In [1]:
# Import the necessary libraries to complete the assignment
import pandas as pd               # for reading and working with data
import statsmodels.api as sm      # for statistical models

# Read the dataset
df = pd.read_csv("Dataset.csv")

# This is the definition of the independent variable (Age) and and then it's added to a constant for the intercept
X = sm.add_constant(df["Age"])    # X will now include a column of 1s (intercept) and the Age values

# Defining the dependent variable
y = df["BP_Reduction"]

# Fitting the linear regression model
model = sm.OLS(y, X).fit()

# Print the regression results:
print(model.params)       # shows the intercept and the slope
print(model.rsquared)     # shows the R-squared value (how well Age explains BP_Reduction)
print(model.pvalues)      # shows the p-values (test significance of the coefficients)


const    13.561623
Age      -0.087472
dtype: float64
0.10906568718052712
const    1.563851e-15
Age      7.917602e-04
dtype: float64


In [None]:
### Simple Linear Regression Results

Intercept (constant): 13.5616  
Regression coefficient for Age: -0.0875  
R-squared value: 0.1091  
p-value for Age: 0.00079


In [None]:
#interpretation
The results show that age has a statistically significant effect on blood pressure reduction because 
the p-value is 0.00079, which is below 0.05.  
The coefficient for age is -0.087, so as people get older, their blood pressure reduction tends to go down 
a little (by about 0.087 units per year).  
But the R-squared is only 0.11, which means age only explains around 11% of the changes in blood pressure reduction.  
So even though the effect is statistically significant, it has not a very strong effect in practice.


In [3]:
#3b 

import pandas as pd
import statsmodels.formula.api as smf

# Fit a multiple linear regression model:
# Dependent variable: BP_Reduction
# Independent variables: Age, BMI, and Treatment_Group (categorical)
model = smf.ols('BP_Reduction ~ Age + BMI + C(Treatment_Group)', data=df).fit()

#  Print the summary of the regression model to see:
# - Regression coefficients
# - P-values (for significance testing)
# - R-squared value (how well the model explains the data)
print(model.summary())


                            OLS Regression Results                            
Dep.
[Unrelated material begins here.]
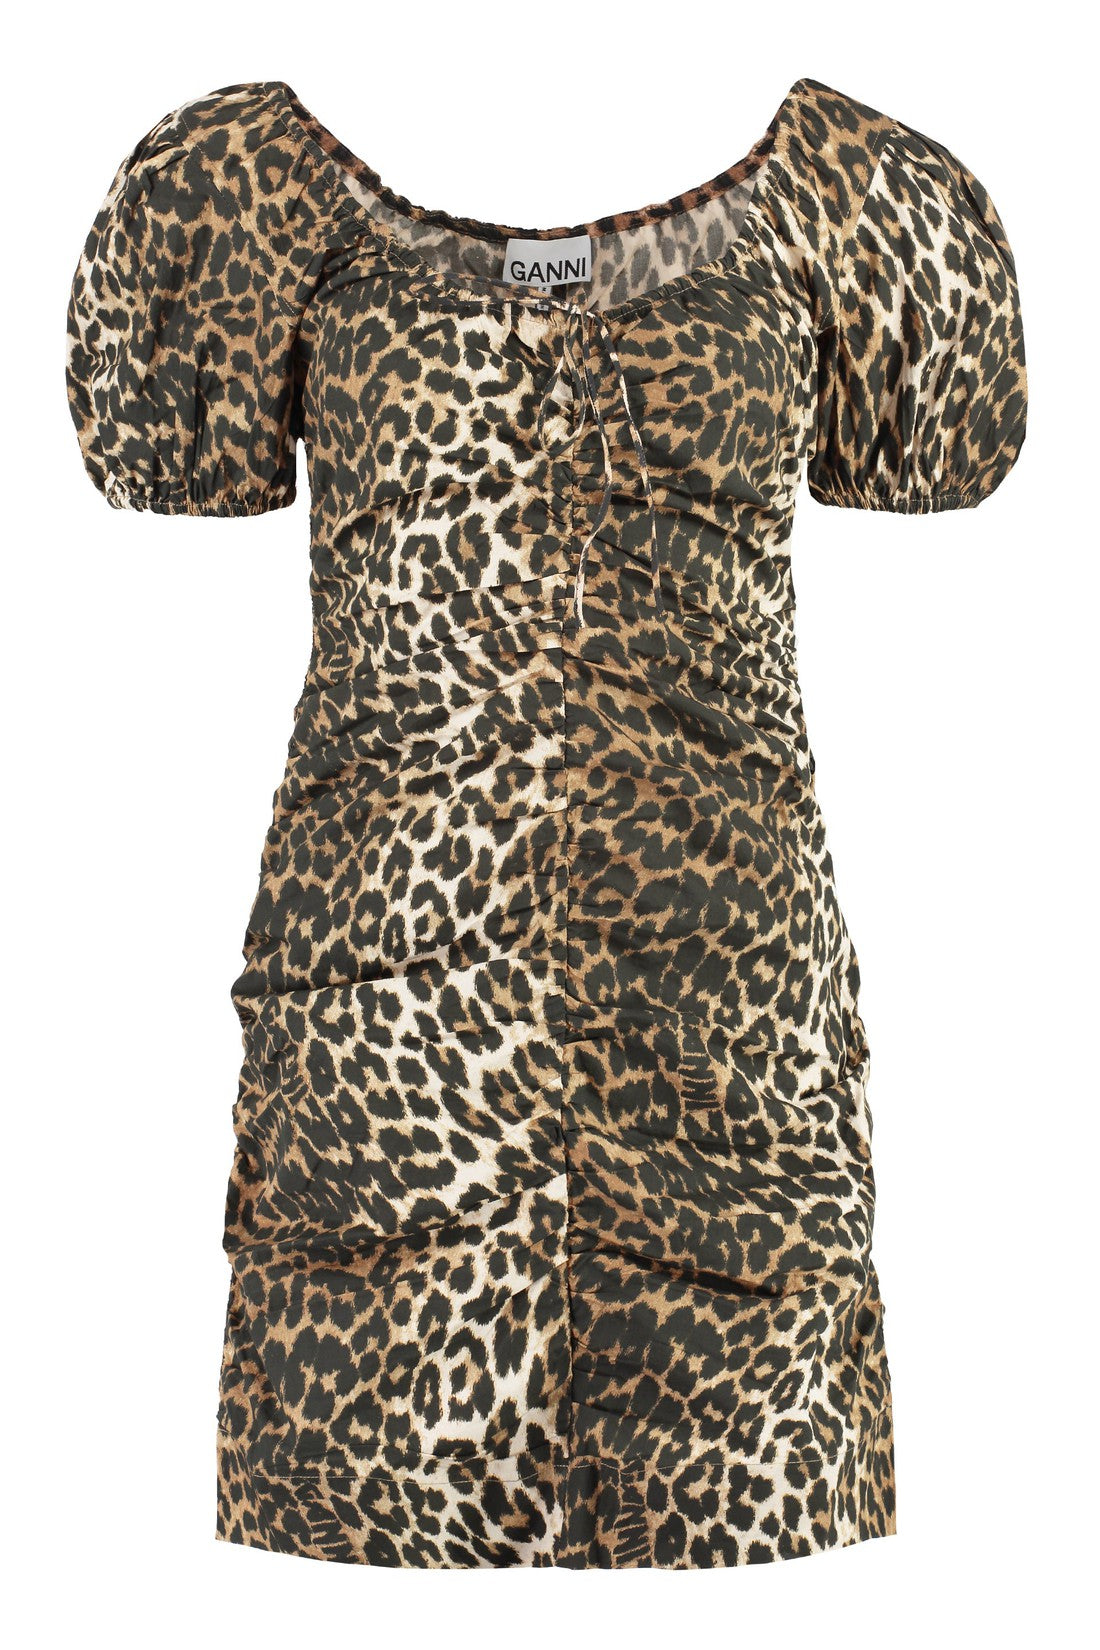 GANNI-OUTLET-SALE-Leopard mini dress-ARCHIVIST

Variable:           BP_Reduction   R-squared:                       0.520
Model:                            OLS   Adj. R-squared:                  0.500
Method:                 Least Squares   F-statistic:                     25.73
Date:                Fri, 23 May 2025   Prob (F-statistic):           1.85e-14
Time:                        20:32:57   Log-Likelihood:                -234.50
No. Observations:                 100   AIC:                             479.0
Df Residuals:                      95   BIC:                             492.0
Df Model:                           4                                         
Covariance Type:            nonrobust                                         
                                    coef    std err          t      P>|t|      [0.025      0.975]
-------------------------------------------------------------------------------------------------
Intercept     

In [None]:
### Report: Coefficients, R-squared, and Significance Levels

We fitted a multiple linear regression model where BP_Reduction is predicted by Age, BMI, and Treatment_Group.

#### Coefficients:
- Intercept: 6.067  
- Drug B vs Drug A: +2.4437  
- Placebo vs Drug A: −2.7394  
- Age: −0.0646  
- BMI: +0.2339  

#### R-squared:
- The R-squared value is 0.52, meaning the model explains 52% of the variation in blood pressure reduction.
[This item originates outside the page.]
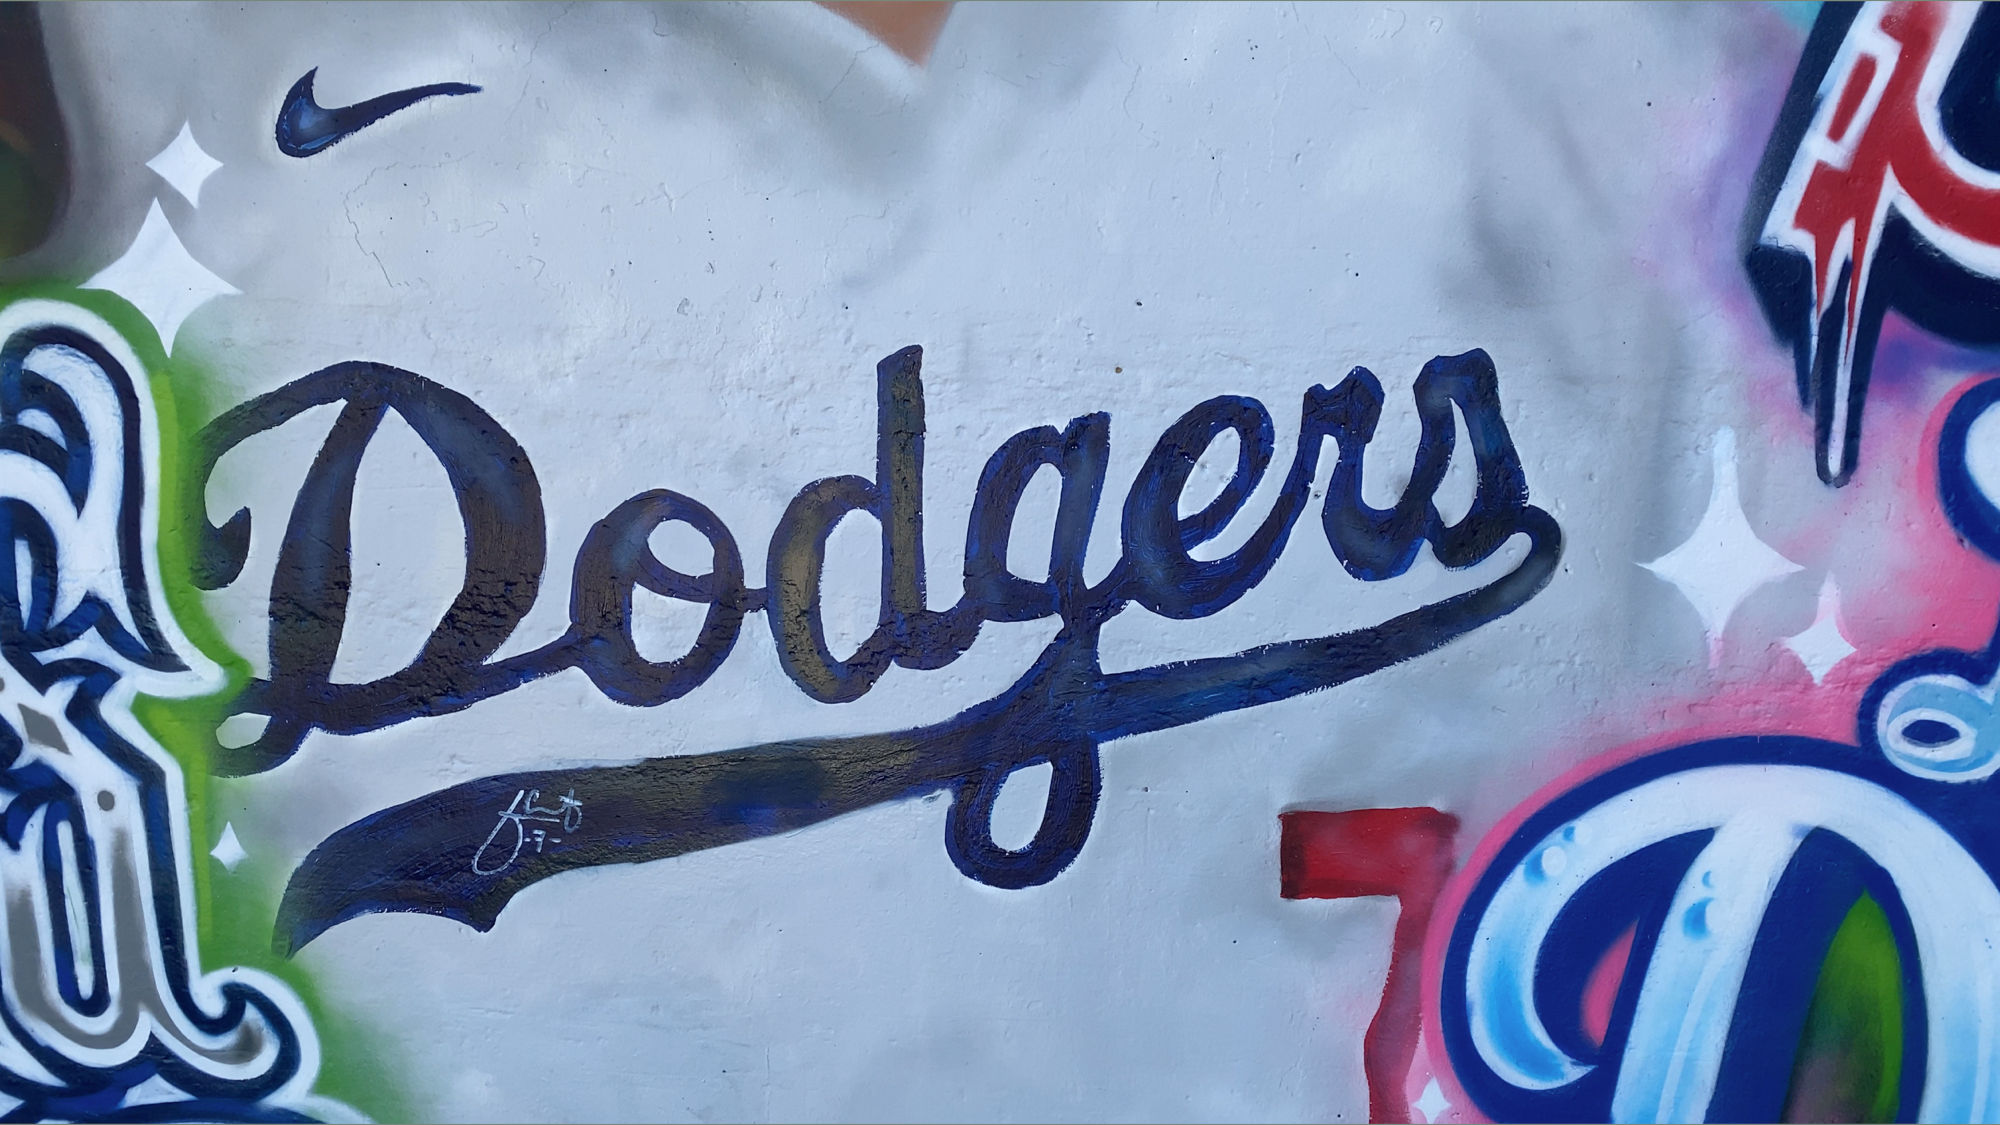 Murals Dodgers Jersey

#### Significance Levels (p-values):
- All predictors are statistically significant (p < 0.05):
  - Drug B: p = 0.000
  - Placebo: p = 0.000
  - Age: p = 0.001
  - BMI: p = 0.000

This suggests that all included variables have a significant effect on blood pressure reduction.


In [None]:
All included variables are statistically significant predictors of blood pressure reduction because their p-values are below 0.05:
  - Drug B (vs. Drug A): p = 0.000
  - Placebo (vs. Drug A): p = 0.000
  - Age: p = 0.001
  - BMI: p = 0.000



In [None]:
### Comparison with ANOVA Results

The regression results support the findings from the ANOVA test.  
In both models, the treatment group has a significant effect on blood pressure reduction.

From the regression:
- Drug A is the reference group.
- Drug B reduces blood pressure more than Drug A (coefficient = +2.44).
- Placebo reduces blood pressure less than Drug A (coefficient = −2.74).

This matches the ANOVA results, which also showed differences between the groups.  
So, the regression confirms that Drug B has the strongest effect, and Placebo has the weakest.


In [None]:
### Comment on Confounding Variables

Adjusting for variables like Age, BMI, and Gender helps us see the real effect of the treatment.

For example:
- If people of different ages receive the same treatment, age might influence how well it works.
- By including age in the analysis, we can find out if the treatment works better or worse depending on age.

This approach helps us understand whether an outside factor, like age, is affecting the results, and gives a clearer view of how effective the treatment really is.